# American Girl Machine Knit Patterns



## butchteb43 (Jun 19, 2014)

Still new to this site. Trying to locate free machine knit patterns for the 18" dolls, specifically American Girl. Only looking for machine knit patterns. I found some for crochet and hand knit, not what I need. Thanking you in advance.


----------



## String Queen (Apr 9, 2012)

I hope you find some because I'd like some too. So far all I've done is hand knit. 

What knitting machine do you have. 

Robin


----------



## m.r.b. (Dec 12, 2011)

If you don't get any suggestions under this topic of Pattern Requests, you might try posting this question in the Machine Knitting topic.


----------



## butchteb43 (Jun 19, 2014)

I have the Brother Bulky (KH260) and ribber (KR260). This machine is great.


----------



## butchteb43 (Jun 19, 2014)

That was going to be my next step, listing under machine knitting.


----------



## Rita in Raleigh (Aug 20, 2011)

I found 3 patterns at http://needlesofsteel.org.uk/ scroll down to Toys then you can find links to a skirt for the standard machine and two sweaters for bulky or ISM machines.

Also with the Knitware program from Great Knits Designs you can design your own doll clothes for the 18 inch doll using your own ideas and tension gauge! You can download a free demo and use it to print out your design. It lets you design a pullover, skirt, dress, or pants. For example the pants could be panties, shorts, capris, or full pants. The leg style could be straight or flared. The version of Knitware you need is called Basics and does work on windows 8.1 besides earlier versions!

A pocketful of cherries, sweater and hat pattern is available for free for both girl and her doll from http://www.junebugsplace.com/epatterns.htm

There are some really creative machine knitting patterns for American Girl dolls at http://www.aprilmills.com/dolpatm.htm These are not free, but cost only $5 and are well worth the money!

Hope these ideas get you inspired!!

Rita in Raleigh


----------



## pdljmpr (Dec 16, 2011)

Charlene Shaffer also has an 18 inch doll pattern book for KM.


----------



## Saroj (Dec 2, 2011)

Send me private message with your email and I will send you the American girl basic pattern. You can use any fancy lace or motif to finish. Here are some samples I did for my gds


----------



## butchteb43 (Jun 19, 2014)

Rita, thank you for the links. This info is very useful. Great niece's birthday only a month away.


----------



## butchteb43 (Jun 19, 2014)

pdljmpr said:


> Charlene Shaffer also has an 18 inch doll pattern book for KM.
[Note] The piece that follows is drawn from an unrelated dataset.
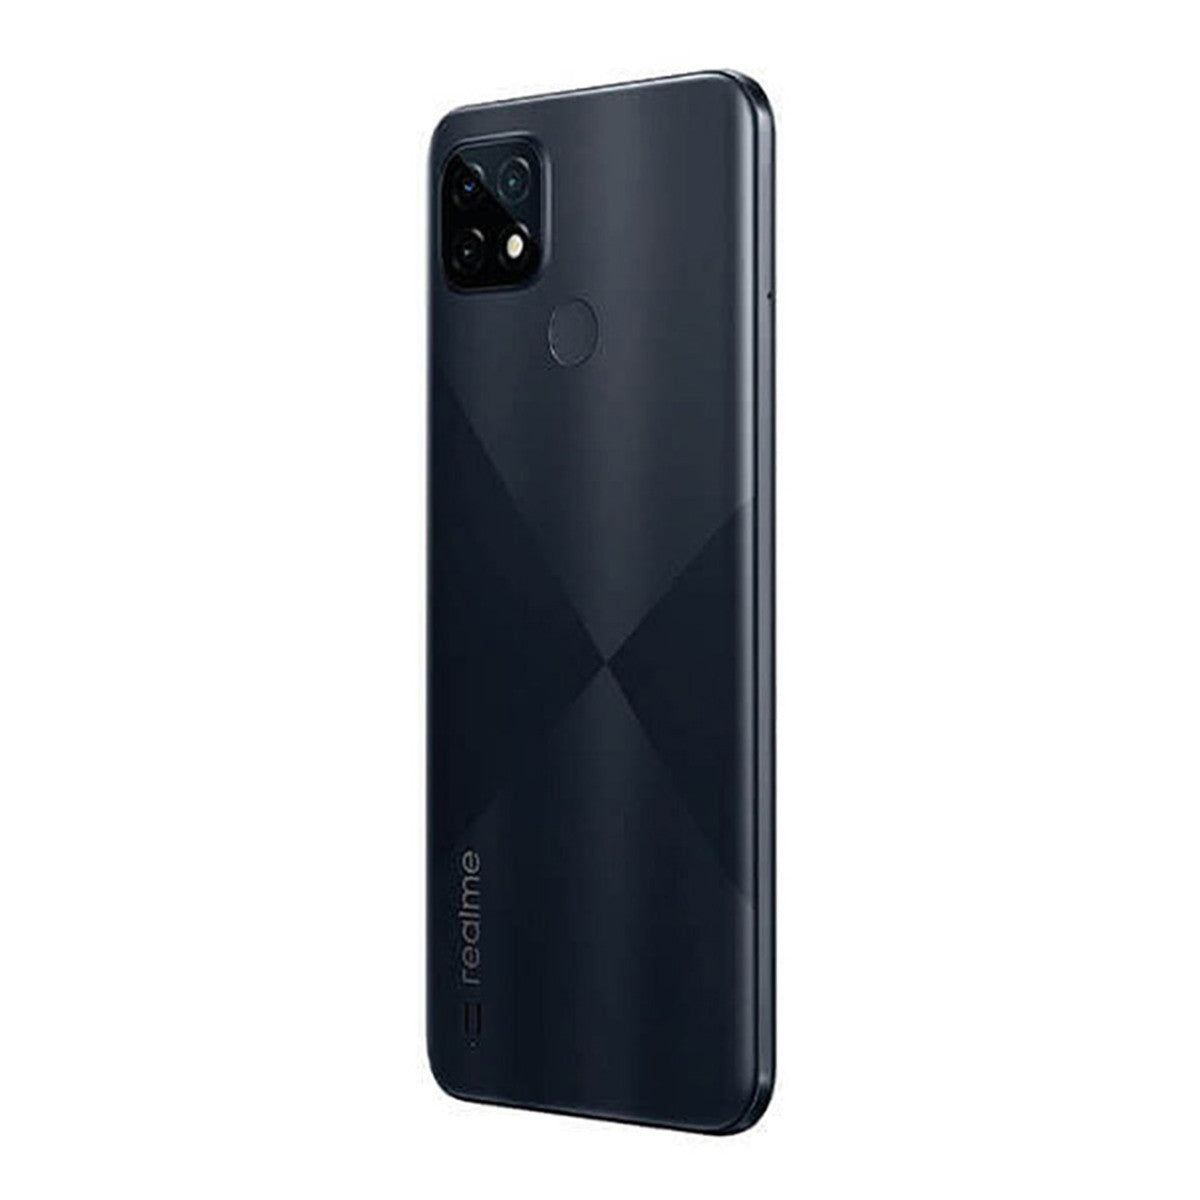 Realme C21 4GB/64GB Negro (Cross Black) Dual SIM RMX3201 Smartphone | Realme

Thanks, I will check it out.


----------



## KateWood (Apr 30, 2011)

Those are cute


----------



## charmknits (Jan 26, 2014)

I have a few I got from April Mills. Her patterns a great!


----------



## Olde English Babydoll (Aug 23, 2013)

Oh fun! More on my list! &#128079;&#128515;


----------



## nannie343 (Aug 15, 2012)

You could try some sewing patterns and use your knit leader. 

Rhonda


----------



## butchteb43 (Jun 19, 2014)

Saroj said:


> Send me private message with your email and I will send you the American girl basic pattern. You can use any fancy lace or motif to finish. Here are some samples I did for my gds


Nice work!


----------



## JaniceK (Mar 30, 2011)

If you have a Knit Radar there are some old patterns for 18" dolls (or teddy bears) here:

http://machineknittingetc.com/studio-tips-and-tricks-v01-no-5-knit-contour-18-inch-dolls.html

If no Knit Radar, still can use the schematics.


----------



## itzzbarb (May 21, 2011)

Scroll down the page, there are a few patterns here.
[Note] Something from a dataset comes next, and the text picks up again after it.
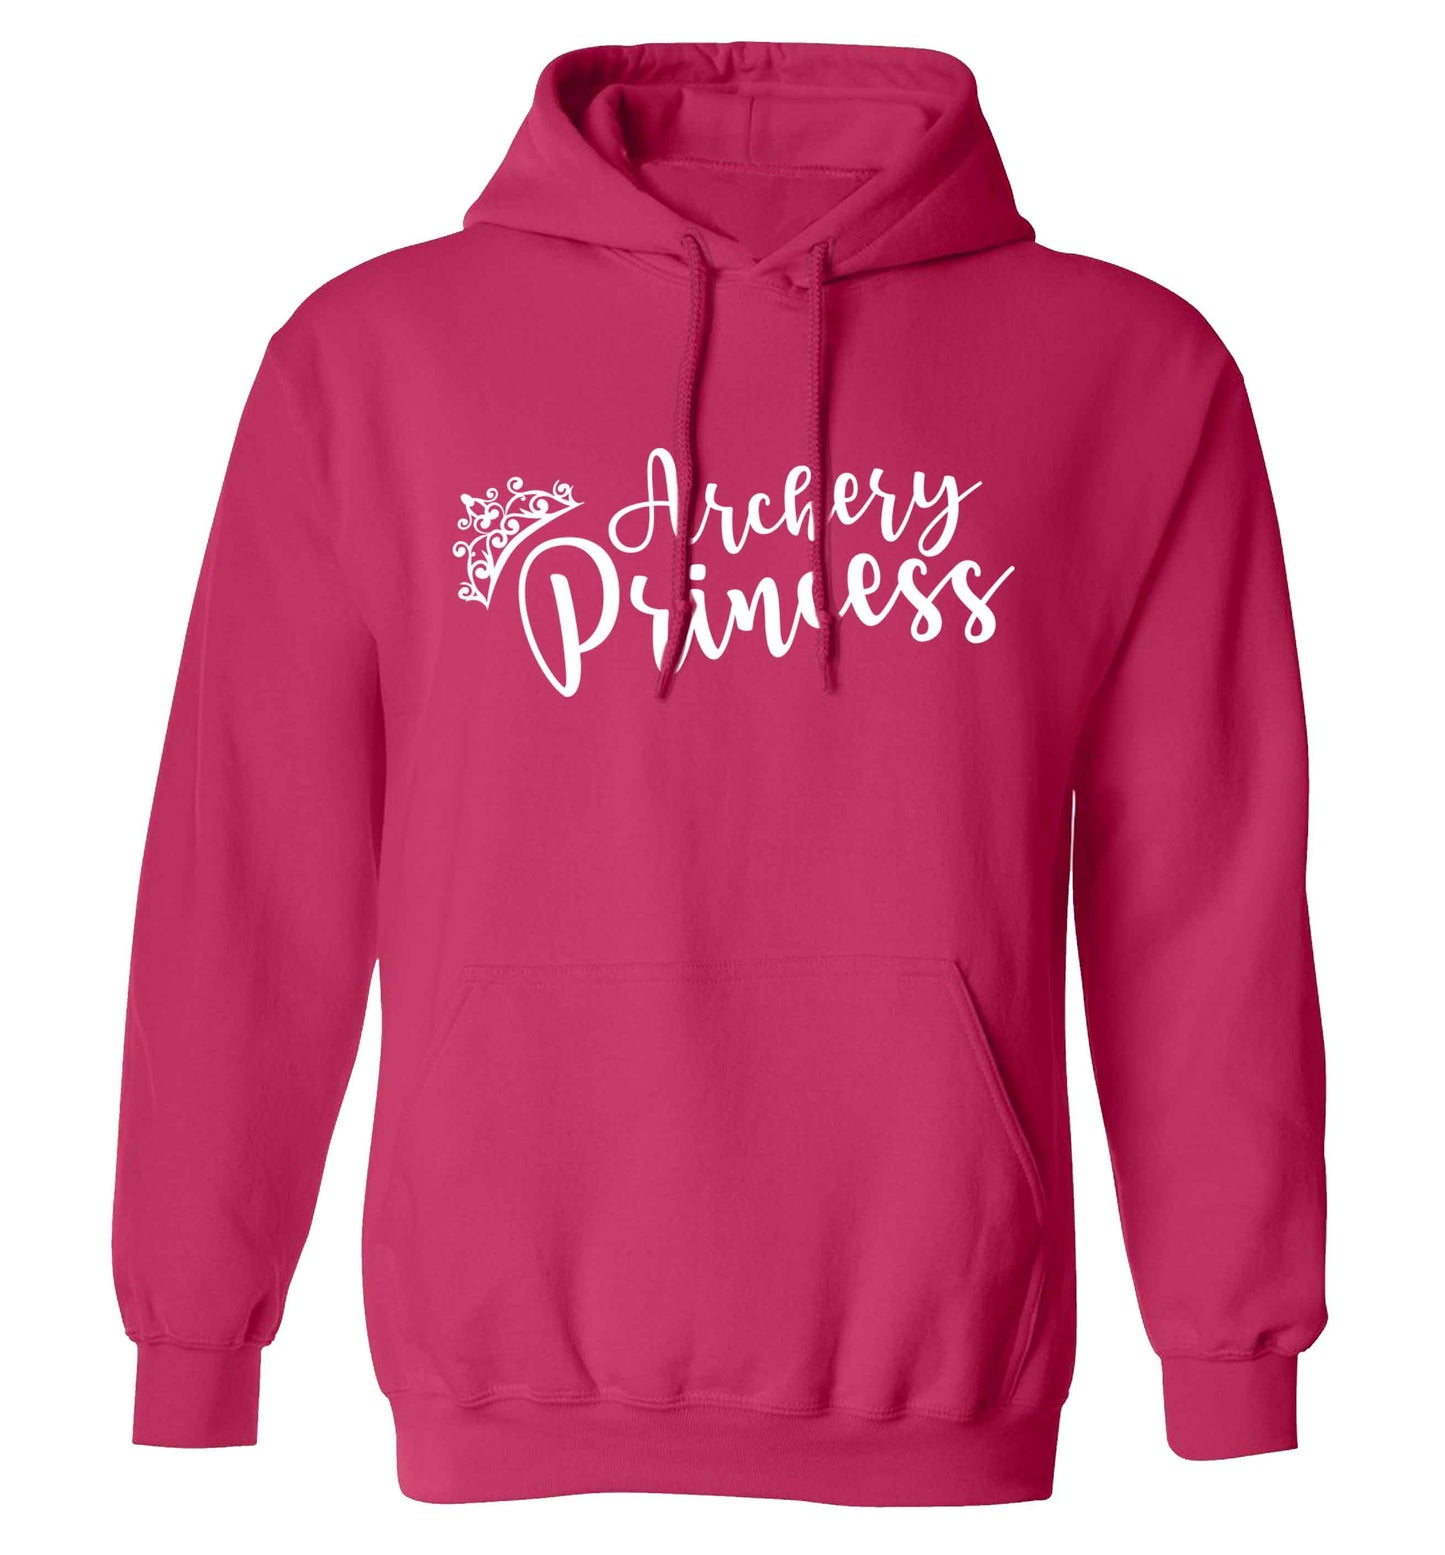 Archery princess adults unisex pink hoodie 2XL

http://marzipanknits.blogspot.com/search/label/American%20Girl%20Doll


----------



## butchteb43 (Jun 19, 2014)

JaniceK said:


> If you have a Knit Radar there are some old patterns for 18" dolls (or teddy bears) here:
> 
> http://machineknittingetc.com/studio-tips-and-tricks-v01-no-5-knit-contour-18-inch-dolls.html
> 
> If no Knit Radar, still can use the schematics.
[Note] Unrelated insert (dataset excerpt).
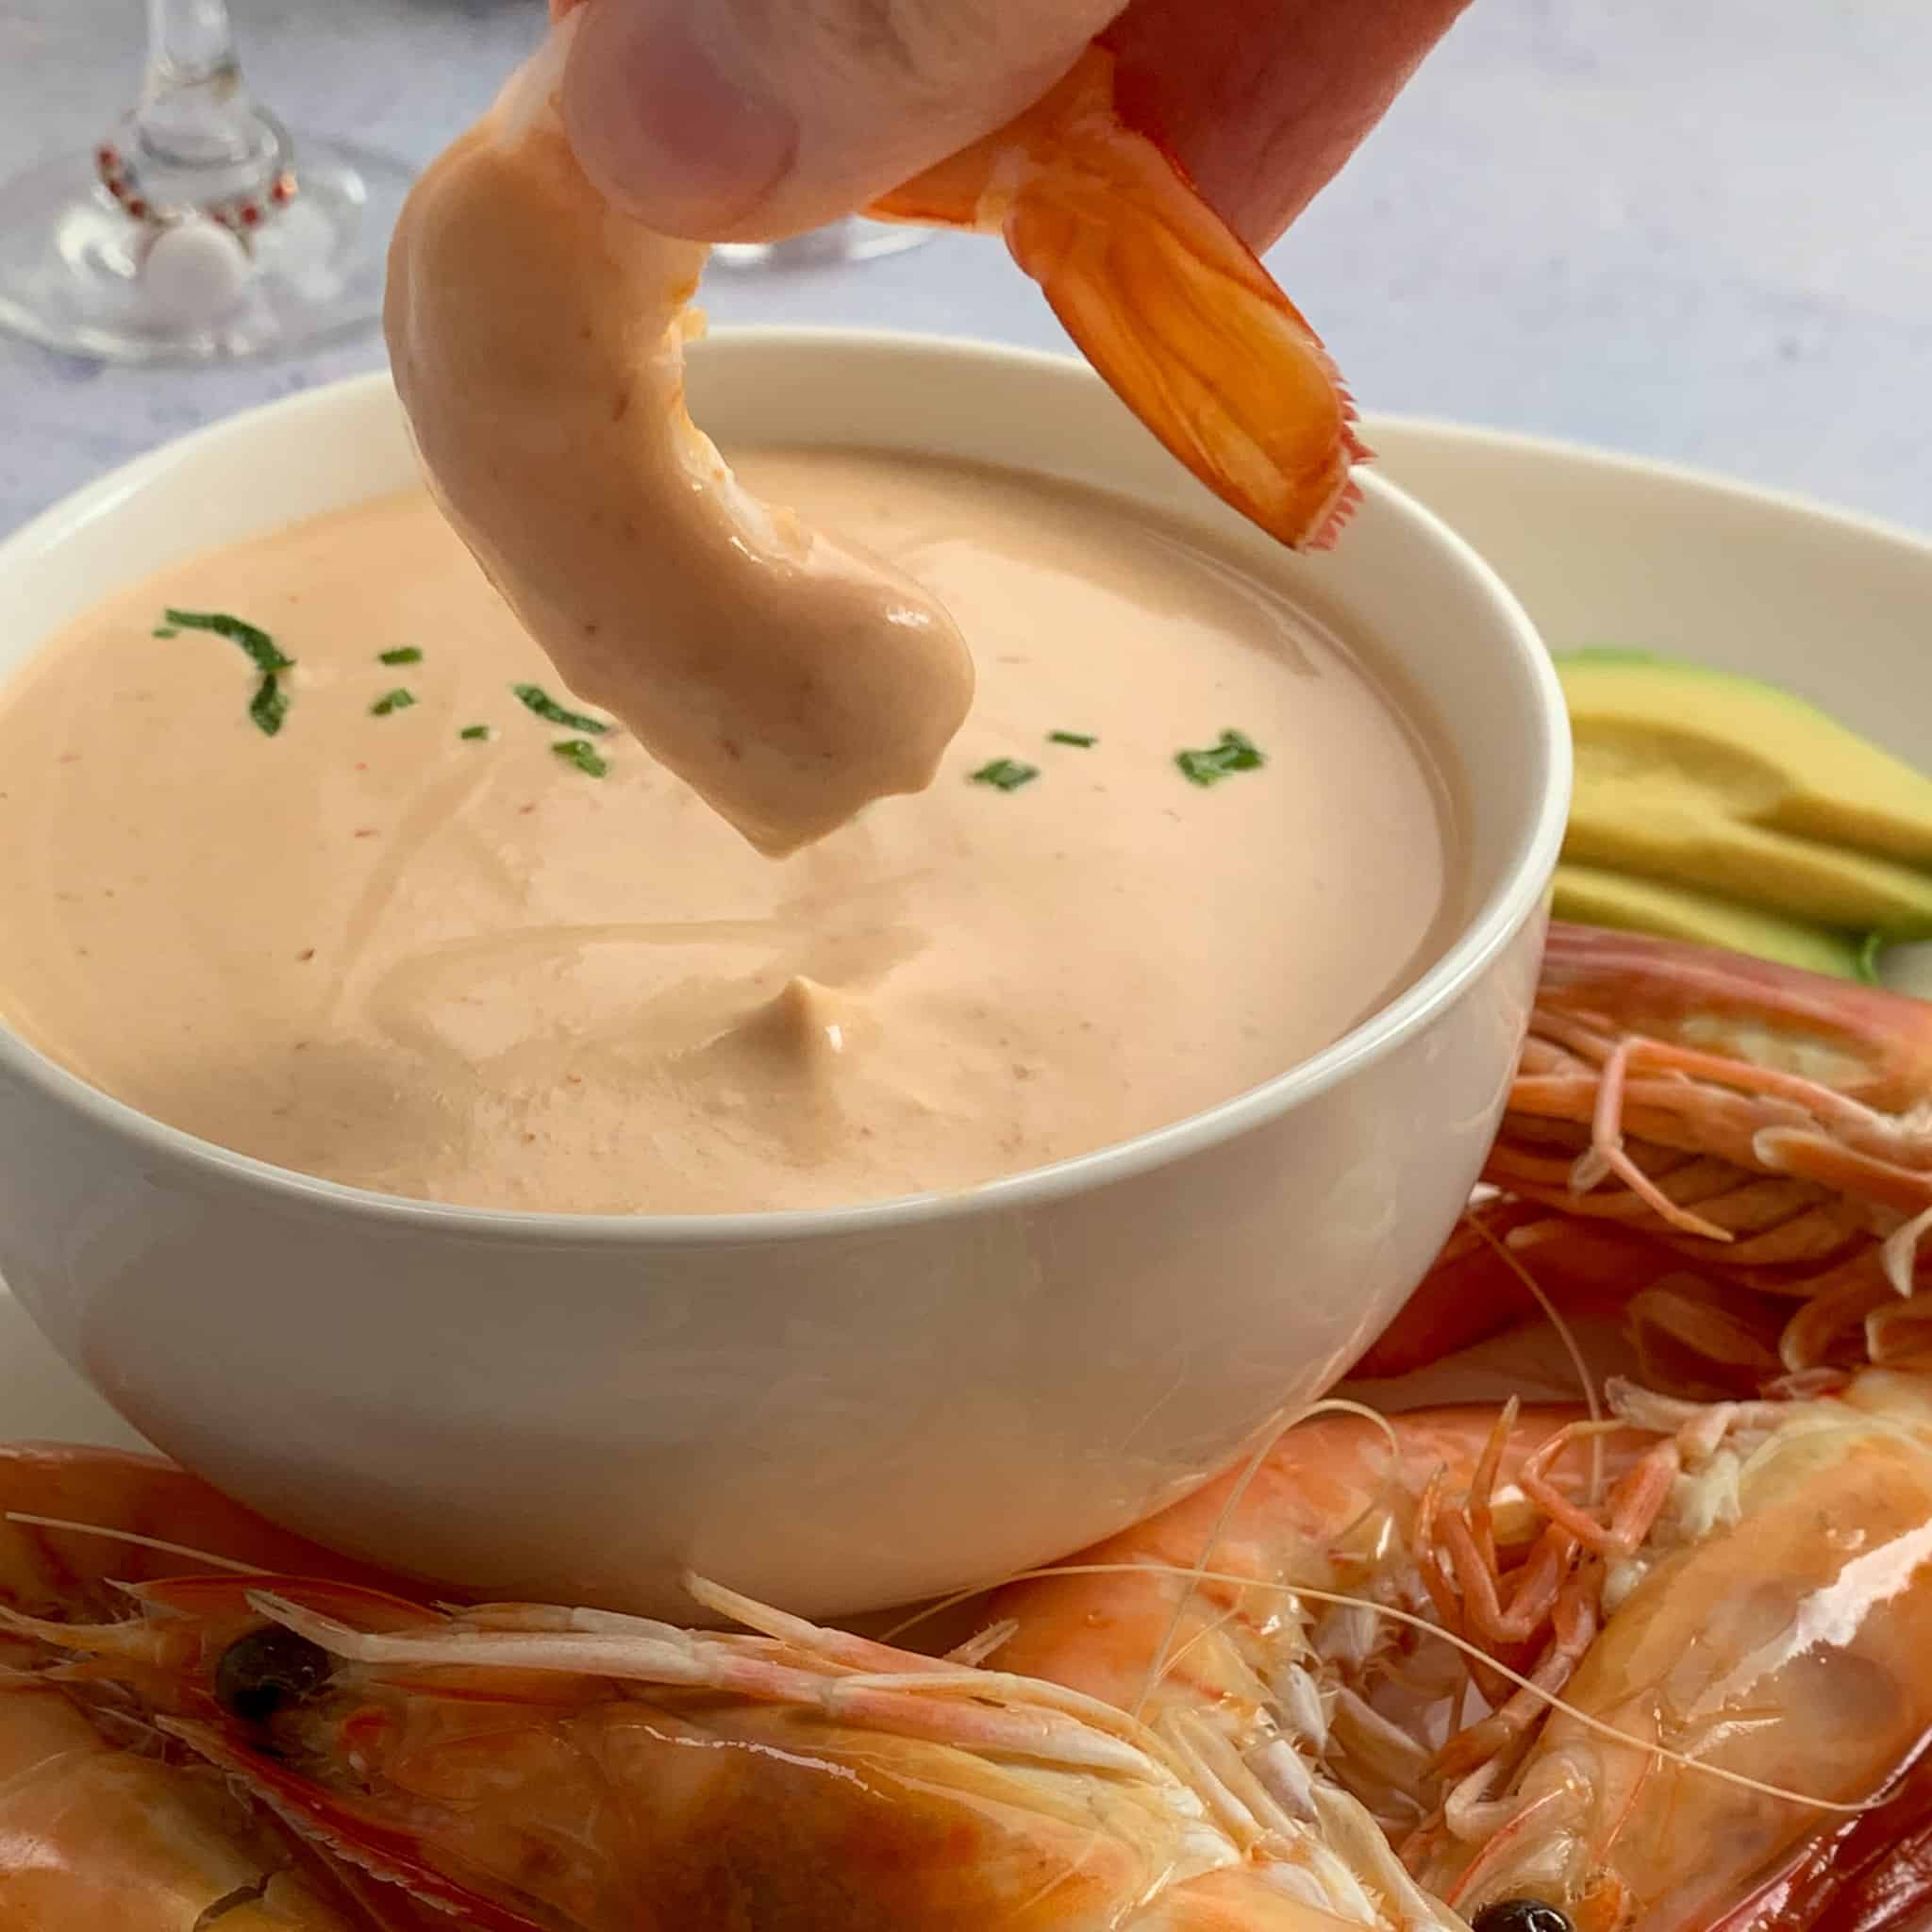 shrimp dipped into seafood sauce

Thanks for the info, Janice. No Knit Radar yet, but good info and schematics.


----------



## MaryAnneCutler (Jul 31, 2013)

butchteb43 said:


> Still new to this site. Trying to locate free machine knit patterns for the 18" dolls, specifically American Girl. Only looking for machine knit patterns. I found some for crochet and hand knit, not what I need. Thanking you in advance.


Knitware sweater design software has the 18" doll pattern instructions. Hand or Machine knit.


----------



## butchteb43 (Jun 19, 2014)

itzzbarb said:


> Scroll down the page, there are a few patterns here.
> 
> http://marzipanknits.blogspot.com/search/label/American%20Girl%20Doll


Nice patterns. Thank you!


----------



## butchteb43 (Jun 19, 2014)

butchteb43 said:


> Still new to this site. Trying to locate free machine knit patterns for the 18" dolls, specifically American Girl. Only looking for machine knit patterns. I found some for crochet and hand knit, not what I need. Thanking you in advance.


I have the Brother KH260 and KR260 ribber.


----------



## goldie48 (Mar 14, 2015)

I am looking for th e machine knit patterns also.


----------



## itzzbarb (May 21, 2011)

goldie48 said:


> I am looking for th e machine knit patterns also.


Look through the links given in this thread. Also Google 18" machine knit doll clothes patterns. Also, look on Ravelry.com


----------